The noise startled me – and I suppose I was tired. Anyhow, I fainted dead away. And it took twenty minutes to bring me back to consciousness.
“I thought you were dead, sure,” Mother Shoyer told me afterward.
It was lucky I woke up, though. The fire had worked around a complete circle, and was back where it had started. All of a sudden it was worse than ever.
“It’s Lowe’s paint shop,” said Jack, looking out of the window.
It was a fierce fire – all smoke and red flame from the paints and oils. And with it was the worst yelling and shrieking we had heard. The Beckel House was diagonally across from it on the corner, and the women in the hotel were yelling. It looked as if it must go. And it was only two short blocks from us.
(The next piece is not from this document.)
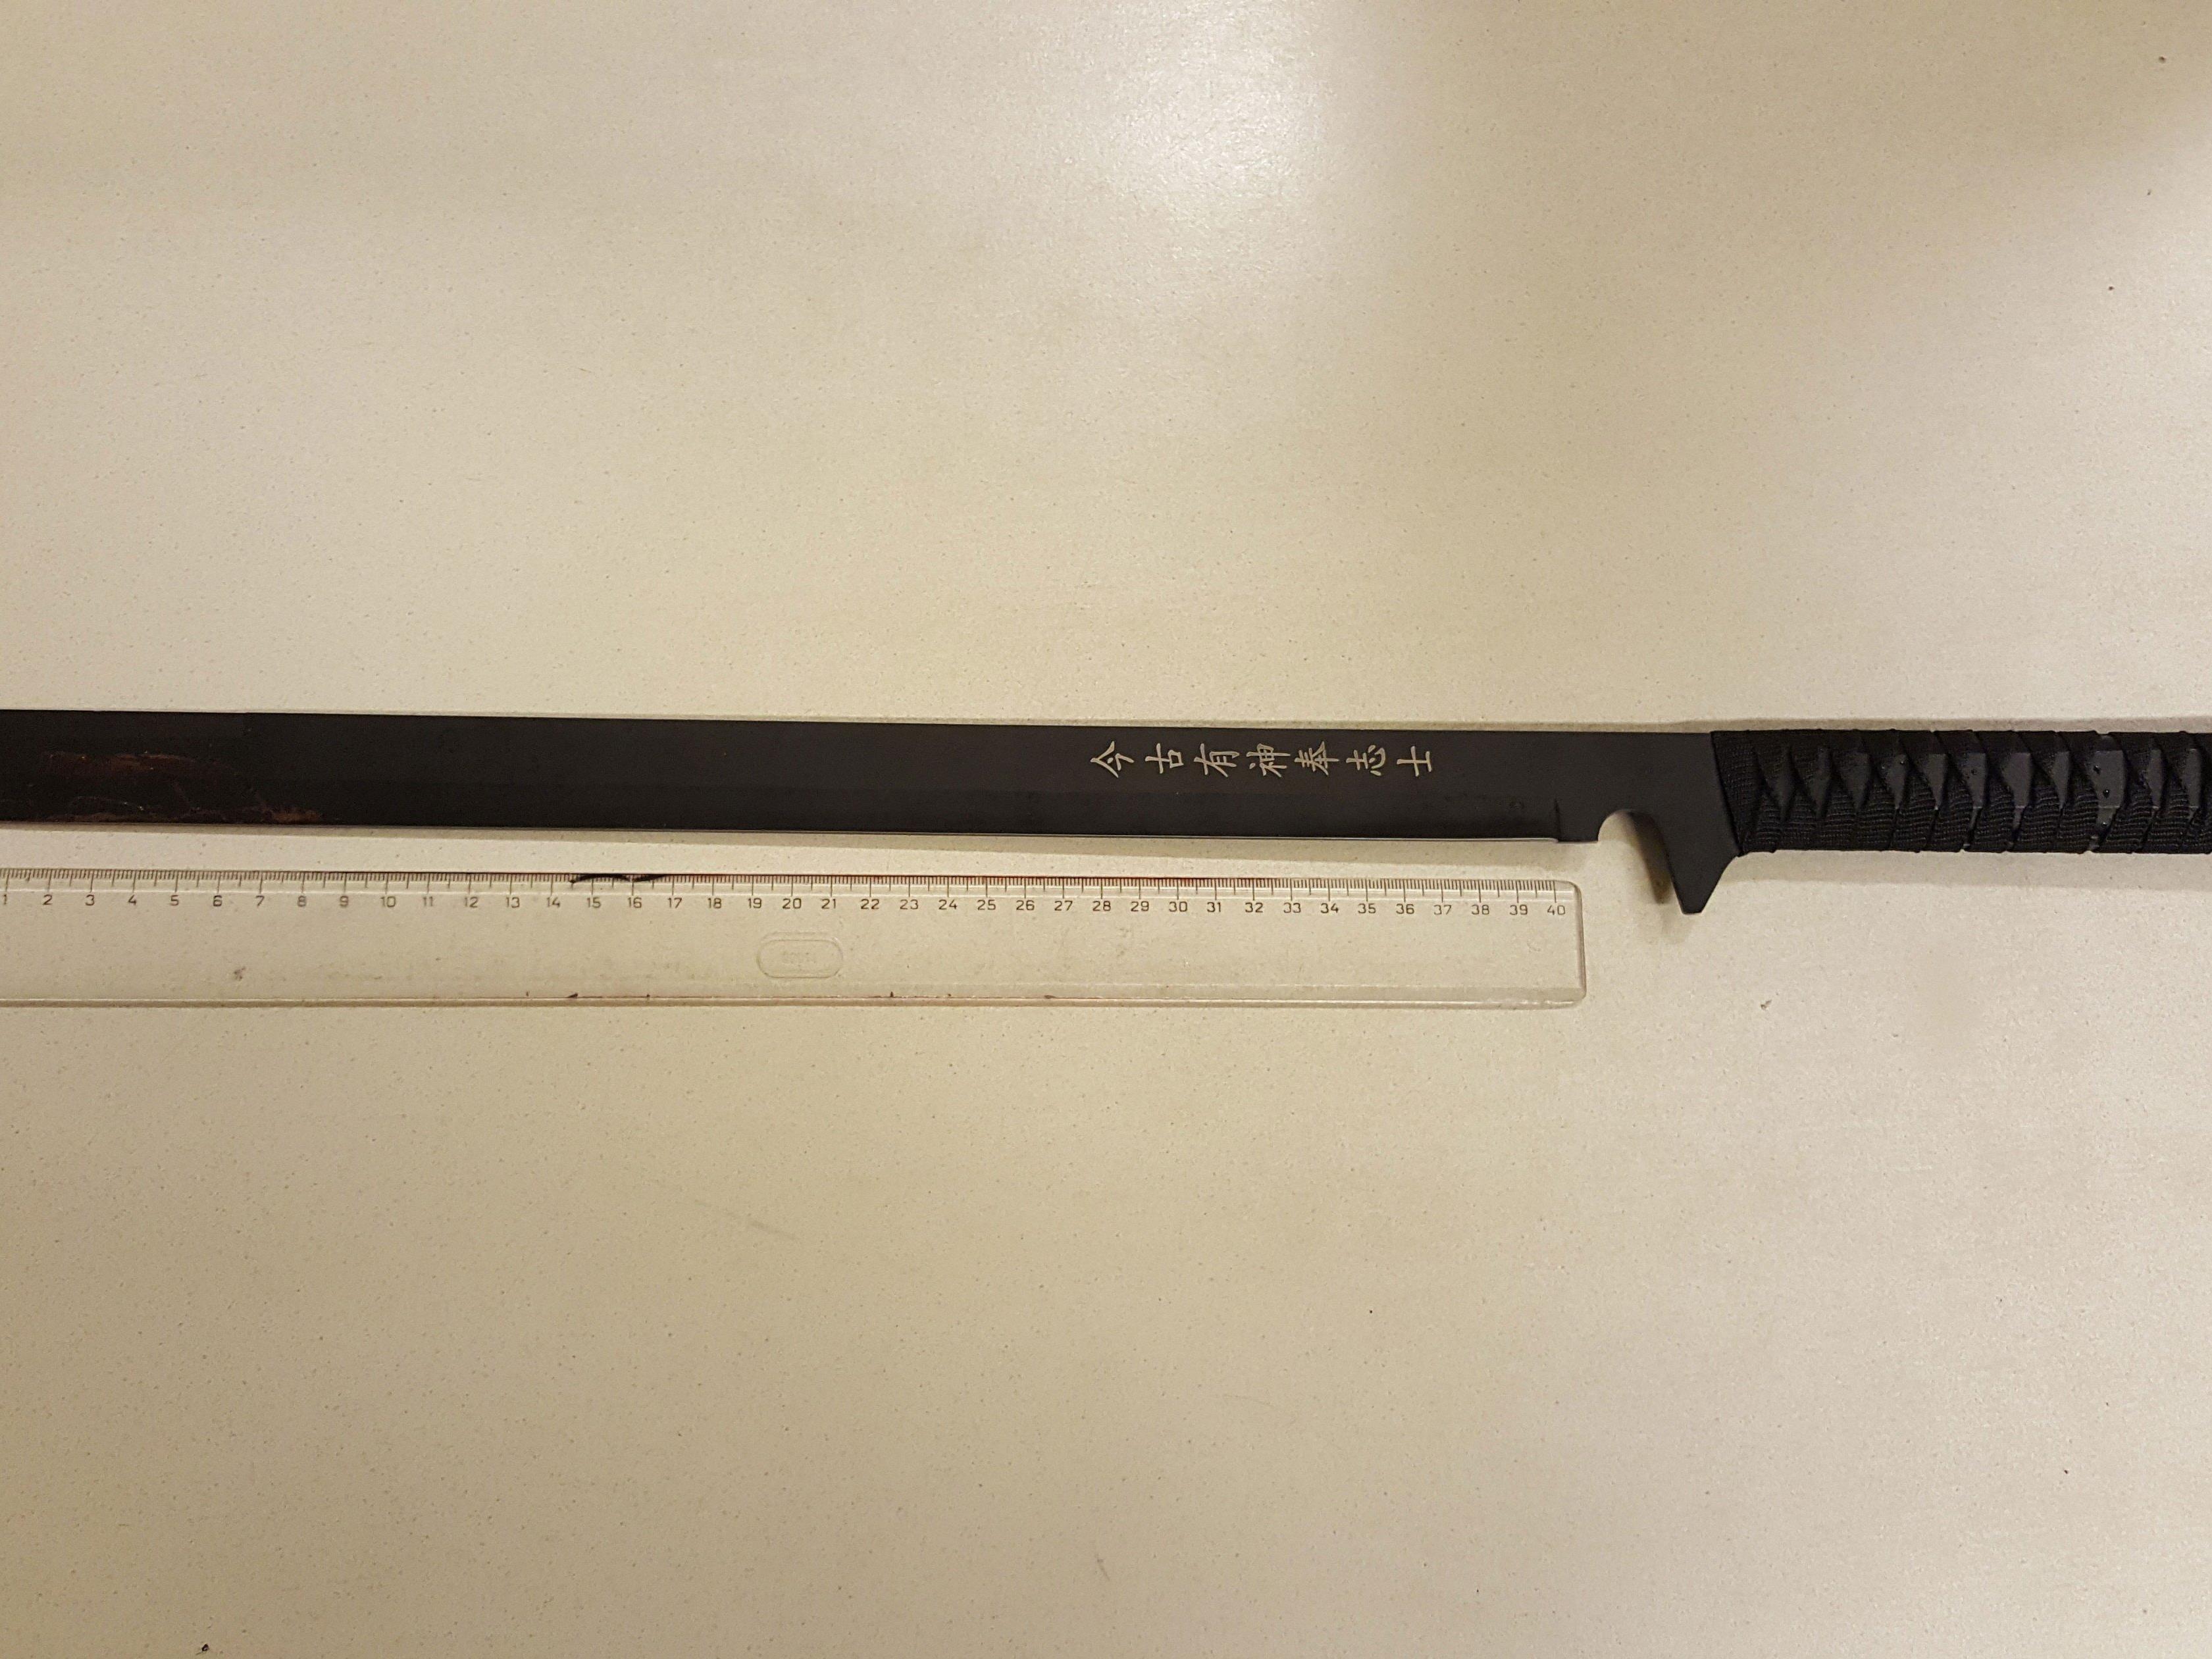 Eines der Messer, das bei der Attacke benutzt wurde.

The firemen were going around the fire in boats; but they had nothing to throw water with. The only thing they could do was blow all the buildings up with dynamite, so as to stop the fire from spreading. You could hear the explosions all night.
Well, they stopped the fire with dynamite; but there was no more sleep that night for us. I couldn’t sleep, anyway. Whenever I lay down, I just twitched and twitched all over.
Next morning – Friday – there was the top of the iron fence again, and by noon the lawns were showing.
It did look good to see the ground again; and pretty soon people were moving around, visiting.
“Hello, up there,” you could hear them call. “Everybody all right?”
The funniest thing was that everybody had forgotten what day of the week it was. It seemed months. And you could hear people saying, “What day is it, anyhow?” We had to get out a calendar to find out.
You ought to have seen that house of the Shoyer’s on Friday, when the water went down. The mud was up to the knees of the men’s rubber boots, all over the first floor, that filthy, gluey mud. They had to clear paths through it, at first, just like clearing a walk after a snowstorm. Mrs. Shoyer’s expensive pianola was all smashed up. Her fine books were all gone or ruined. Her new furniture just fell to pieces; the water had soaked the glue out, or something, and when they took hold of it to lift it up, it fell into boards, and they threw them out of the windows. But that was nothing to the store. On Friday afternoon poor Mother Shoyer came back from looking at it, with the tears streaming down her cheeks. “We’re back just where we started from,” she said.
Of course, there was no insurance for flood damage. Mr. Shoyer wouldn’t even look at the store until the day after.
When we left Monday morning, he was sieving out the mud in the bottom of the store for jewelry. He put all the mud in ash sieves, and turned the water from a hose on it very carefully. They’d got some cuff buttons, but most of them were plated ones.